Après un mois à tester codefacile et permiszen, voici ce que j’ai vraiment retenu

mai 2, 2026

Le samedi matin, mon salon baignait dans une lumière douce quand j’ai lancé les tests blancs sur CodeFacile et PermisZen, mon smartphone en main et un café encore chaud à portée. Trente jours d’utilisation intense venaient de s’écouler, et j’étais curieux de voir si ces applis gratuites avaient vraiment fait bouger mes scores. J’ai ouvert l’appli CodeFacile, noté mon pourcentage, puis enchaîné avec PermisZen, observant chaque détail, chaque résultat. Ce moment précis, sans aucune distraction autour, m’a permis de mesurer concrètement ce que j’avais gagné, ou pas, au fil de ces sessions quotidiennes. Cette expérience en conditions réelles, avec mes données sous les yeux, m’a donné une base solide pour partager ce qui a fonctionné, ce qui a flanché, et comment j’ai vécu tout ça.

Comment j’ai organisé mes sessions pour un vrai comparatif

Pour que la comparaison entre CodeFacile et PermisZen soit crédible, j’ai calé mes sessions sur une durée précise : trente jours, trente sessions, chacune autour de 30 minutes. Je m’installais dans mon salon en soirée, juste après le dîner, quand la maison est calme et sans distraction. J’ai évité de regarder la télé ou d’avoir d’autres écrans allumés à côté. Selon l’appli, je passais soit sur mon smartphone Android milieu de gamme, soit sur ma tablette, histoire d’adapter l’usage à l’interface proposée. Ce rythme régulier en fin de journée m’a permis de garder une constance et de bien sentir les différences entre les deux applis, sans que la fatigue ne vienne trop altérer mes résultats.

Mon smartphone tournait sous Android, avec un processeur correct mais sans prétention, histoire de refléter le matériel disponible pour la plupart des candidats au code. La connexion Wi-Fi domestique était stable, ce qui me permettait de ne pas être pénalisé par des coupures réseau, sauf quand je testais PermisZen en mobilité via la 3G. Pour les vidéos de PermisZen, j’avais branché un casque audio basique, ce qui m’aidait à bien capter les explications sans dérangement. Ce matériel simple mais suffisant était un bon indicateur de ce que j’avais sous la main, sans chercher le dernier cri ni la configuration surpuissante.

Au départ, je voulais mesurer plusieurs éléments concrets : d’abord, la progression chiffrée sur les tests blancs, histoire de voir si ces applis m’aidaient vraiment à monter en score.
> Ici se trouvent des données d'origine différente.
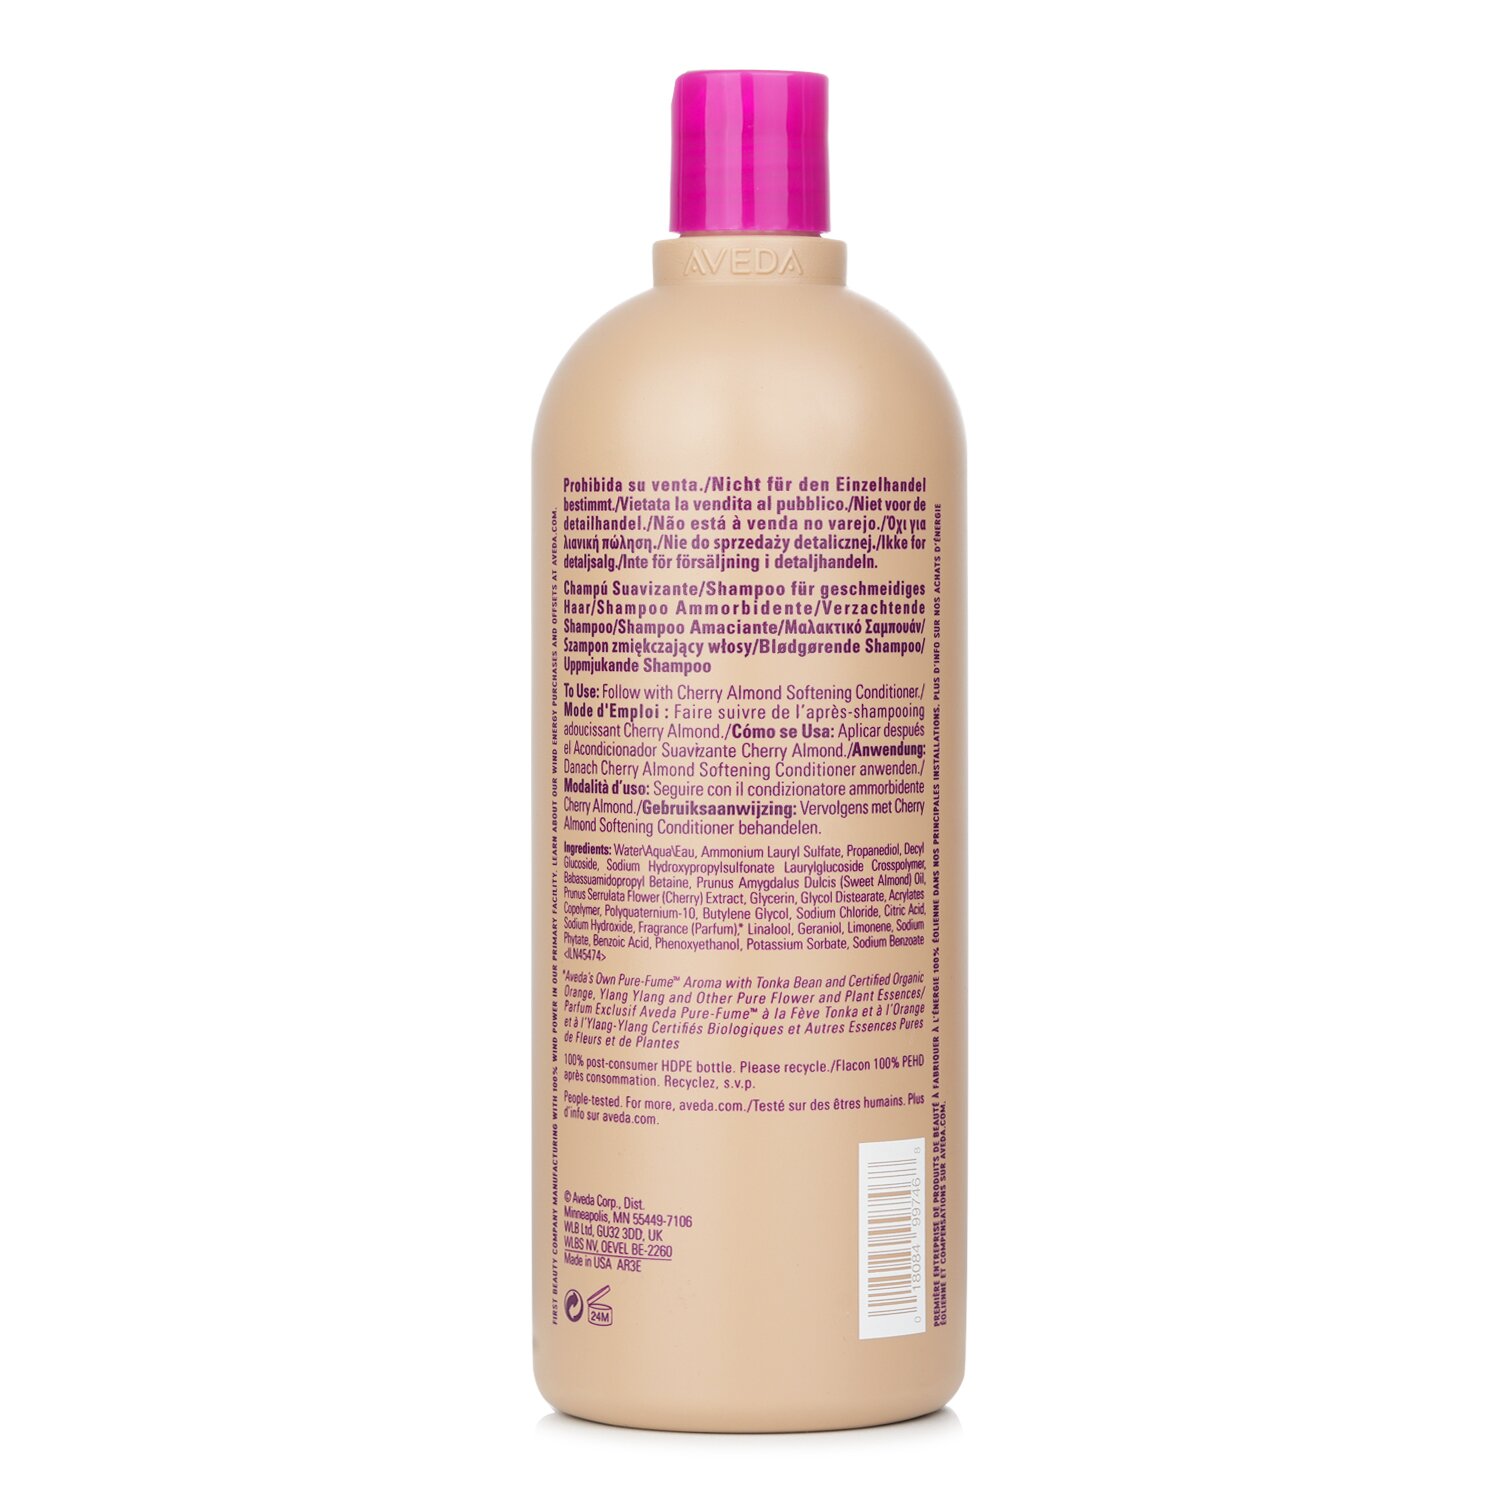 Aveda Cherry Almond Softening Shampoo 1000ml/33.8oz

Ensuite, la qualité des interfaces pédagogiques, la fluidité des menus et la simplicité d’utilisation, car ça joue forcément sur la motivation. Je voulais aussi voir si je réussissais à maintenir cette motivation pendant tout le mois, sans décrocher à cause de répétitions ou de bugs. Tout ça en gardant la même durée et le même cadre, pour que les écarts entre les applis soient liés au contenu et pas à la manière de les utiliser.

Dans le détail, j’ai noté les scores avant et après chaque session, avec un point toutes les cinq jours pour suivre la tendance. J’ai aussi relevé les sensations de fatigue mentale, la facilité à naviguer dans les menus, et la qualité des corrections proposées. Ce protocole m’a demandé de la rigueur, mais j’ai voulu éviter que l’usure naturelle ou les aléas du quotidien viennent fausser mes observations. Au bout du compte, ces trente sessions ont été un bon test en conditions réelles, assez proche de ce qu’un candidat au code peut vivre dans son coin.
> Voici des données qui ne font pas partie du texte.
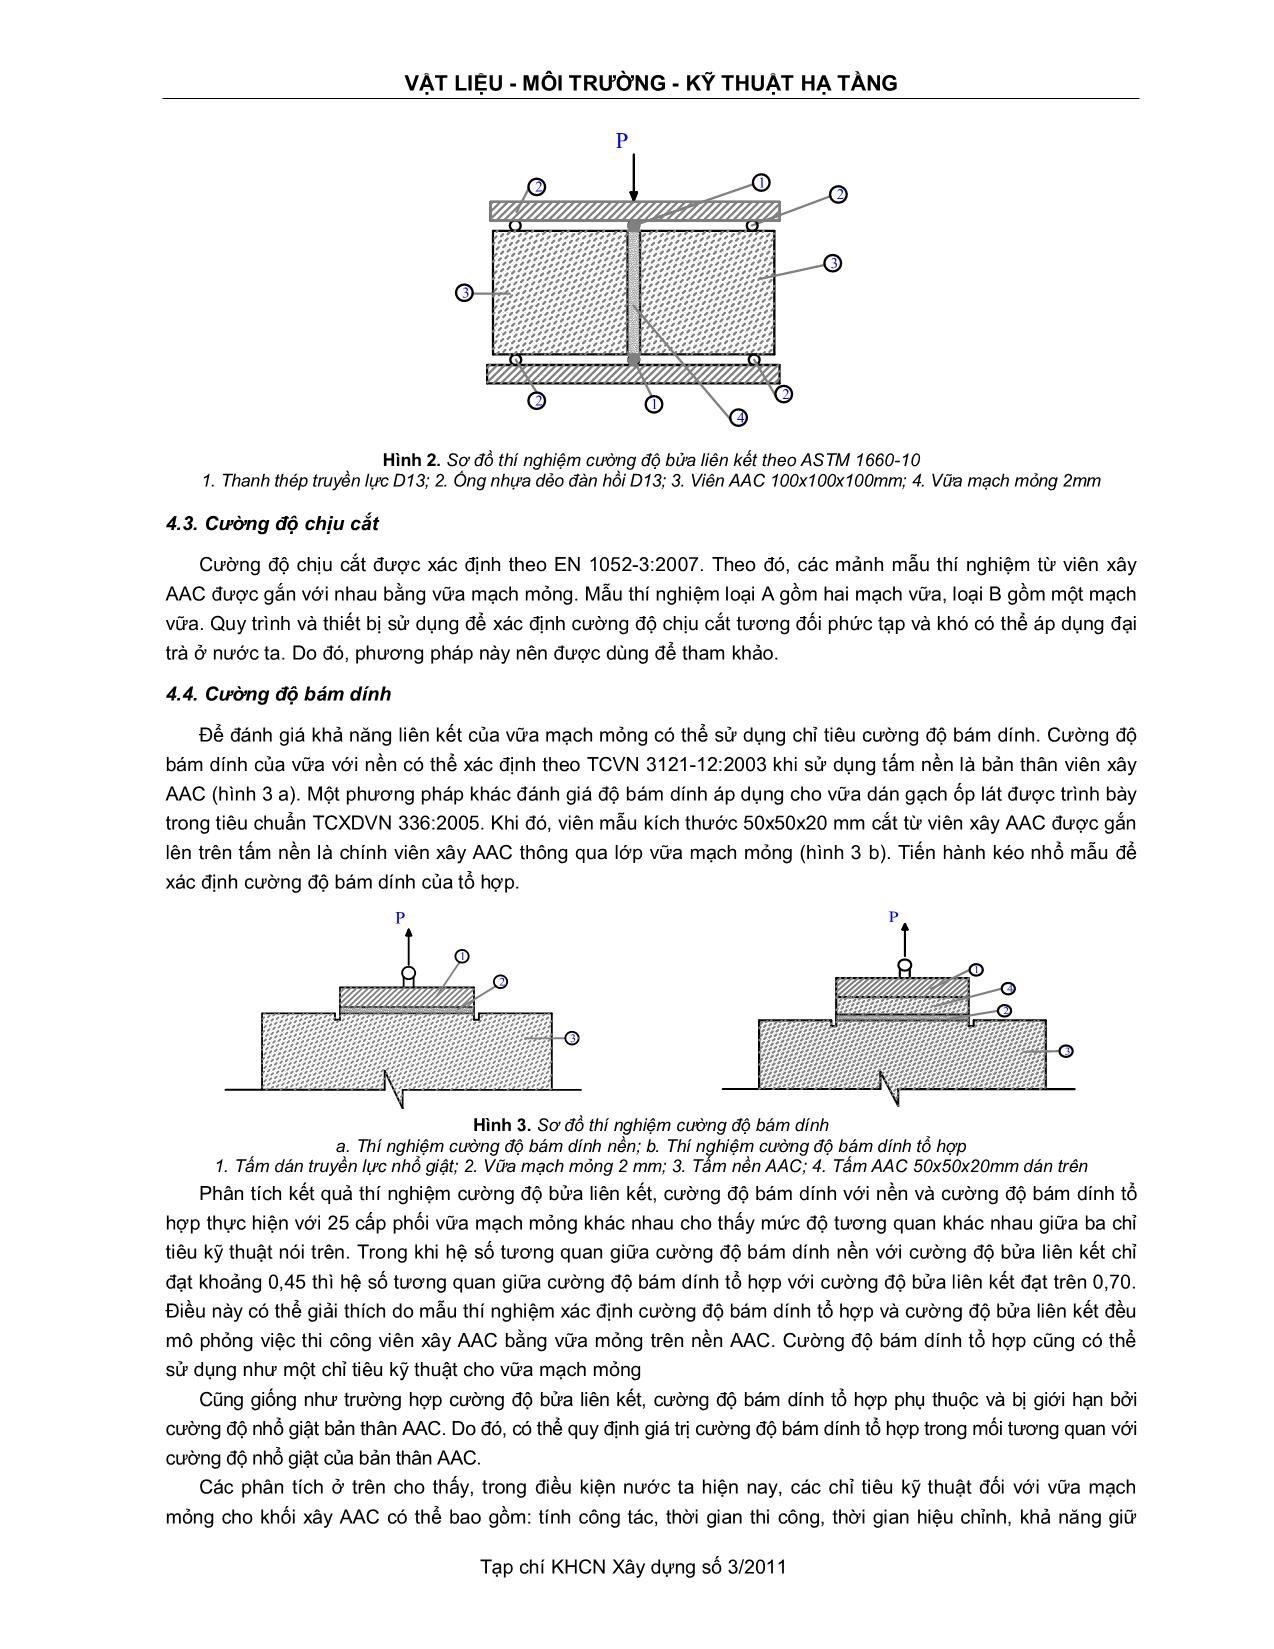 Xây dựng các chỉ tiêu kỹ thuật cho vữa mạch mỏng xây tường bê tông khí chưng áp trang 5

Le jour où j’ai compris que codefacile avait ses limites

Dès les premières sessions sur CodeFacile, j’ai apprécié son interface claire, presque minimaliste. Les quiz progressifs permettaient de démarrer doucement, avec des questions qui s’adaptaient à mes réponses. J’avais cette sensation de fluidité quand je passais d’un thème à l’autre, sans être perdu dans des menus trop chargés. Les premières soirées, tout s’enchaînait bien, avec une montée en confiance palpable. Mon score aux tests blancs grimpait doucement, et j’avais ce sentiment d’avancer dans mes révisions sans me noyer dans trop d’infos.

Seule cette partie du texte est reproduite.